The content file mathematical identifiers, K.sub.F1 and K.sub.F2,
in the metadata, however, are derived from a hashing function, such
as standard hash functions which are currently available, performed
by computer on the bit-stream of the file data, and thus will be
the same for each same content file.
[0026] Information retrieval or searching in the P2P system begins
by a user entering a search query into a client computer. In FIG.
1, the query entered into the client computer is {A, B, C, C, D}.
As shown in FIG. 1, if the search is performed according to known
P2P search procedures by routing the conjunctive query to the
server computers having R1-R7, no results are returned. No results
are returned because none of the file descriptors includes each
unique term (A, B, C, and D) of the query.

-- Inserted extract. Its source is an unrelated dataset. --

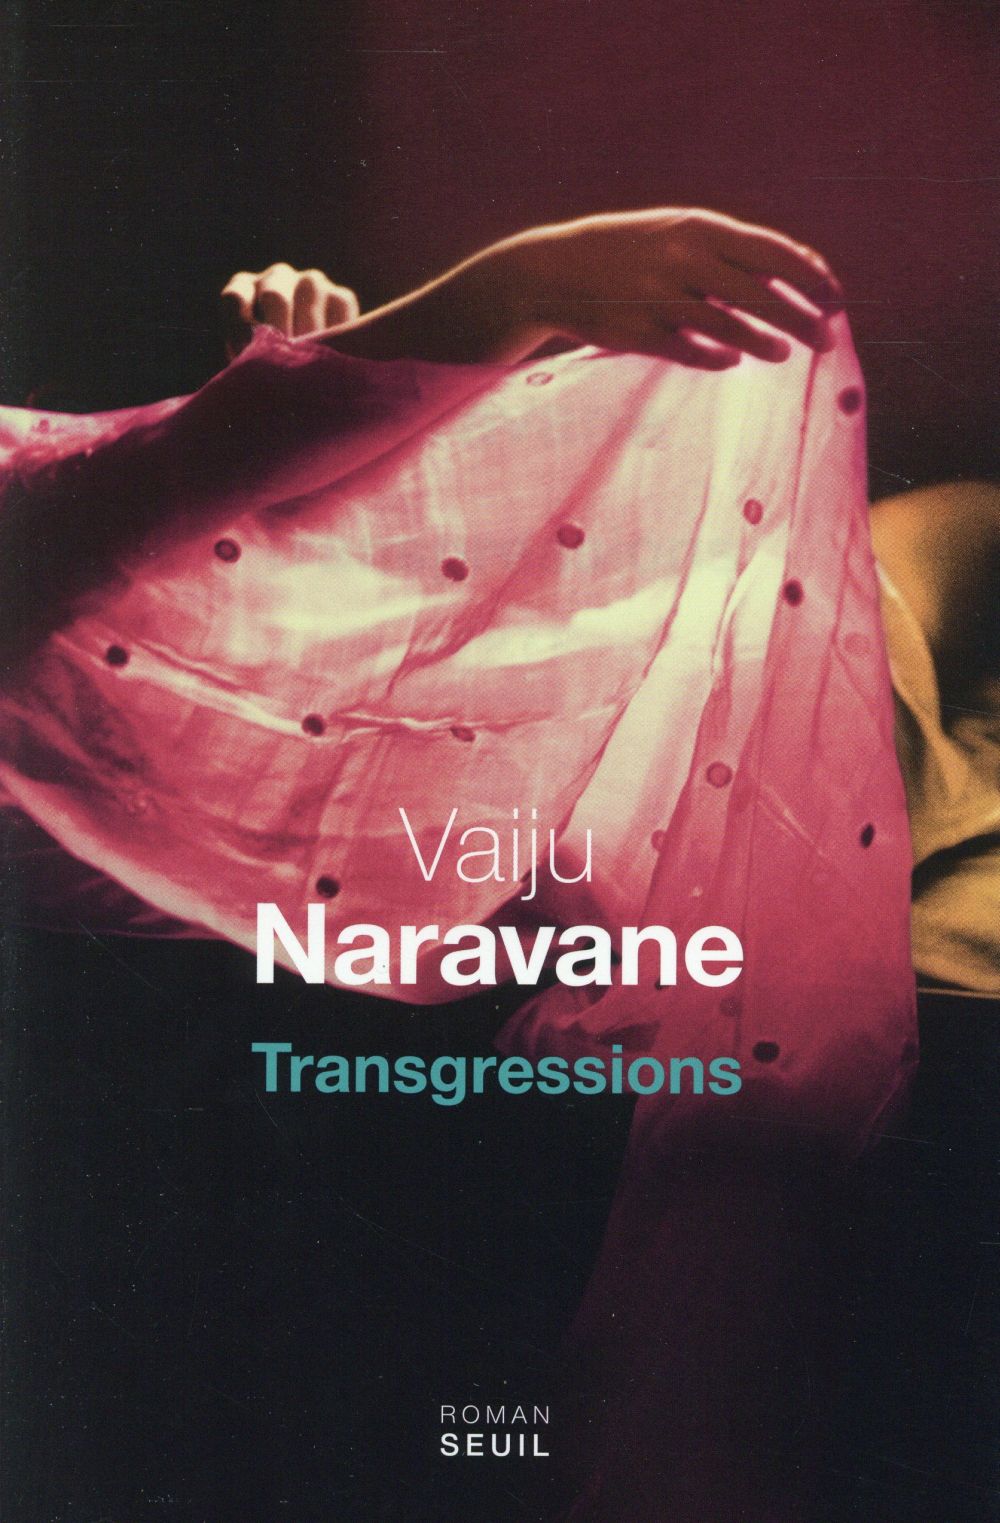 "Transgressions" de Vaiju Naravane - la chronique #26 du Club des Explorateurs
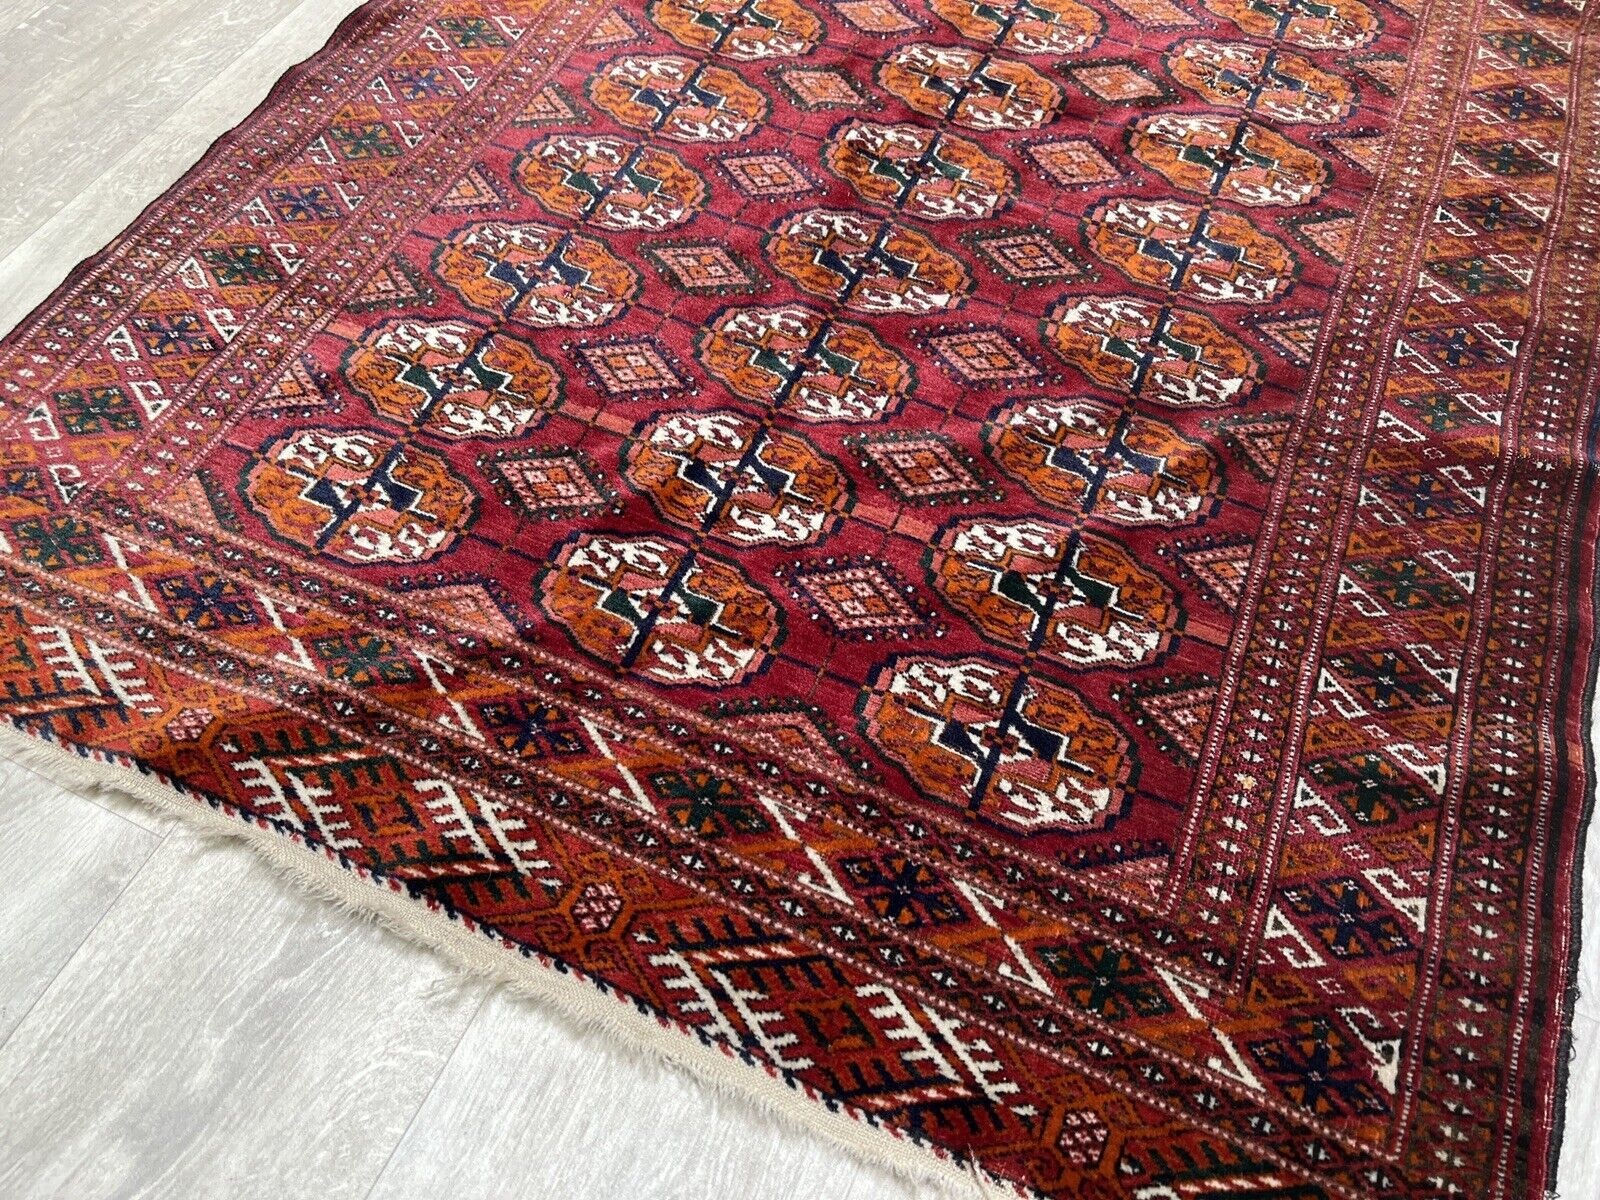 155x103 cm antique ersari hand-knotted  turkmen  bukhara  carpet. 22/4

[0027] The remaining four queries shown in FIG. 1 are designed
according to a method for implementing a search in a P2P file
sharing system of one embodiment of this invention. The client
computer selects one or more unique terms of a query entered into a
client computer for masking by removing all instances of the
selected term(s) of the query, to obtain a masked query, designated
Q.sub.M in FIG. 1. If the client computer does not mask all
instances of the selected term(s), then the term(s) would still be
present in the masked query, and the search results would not
change. Desirably, the terms masked are not simply conjunctions,
e.g., "and" and "or", or other common terms, although such words
can be masked, if desired, if included in the query. The masked
query, such as Q.sub.M[D] or {A, B, C, C}, is then routed to the
server computers.
[0028] The server computers desirably include software, such as
that which is included in or bundled with the P2P protocol software
that receives the masked query and performs the search within the
corresponding server computer. The search of each of the server
computers is performed by matching the terms of the masked query to
terms of one or more file descriptors in the server computer. The
server computer compares the masked query to the file descriptors
of the server files, e.g., replicas R1-R7, to identify one or more
matching server files. In one embodiment of this invention, the
file descriptor matches the masked query when the file descriptor
contains all unique terms of the masked query, i.e., the masked
query is a conjunctive query.
[0029] Referring to masked query Q.sub.M[D] in FIG. 1, R1 is the
only matching server file that contains each of the remaining
unique terms {A, B, C} of the masked query. At least the file
descriptor and the unique mathematical indicator for the file {A,
B, C|K.sub.F1} are desirably returned to the client computer as a
search result. Other information, such as a server computer
identifier, can also be desirably returned to the client computer.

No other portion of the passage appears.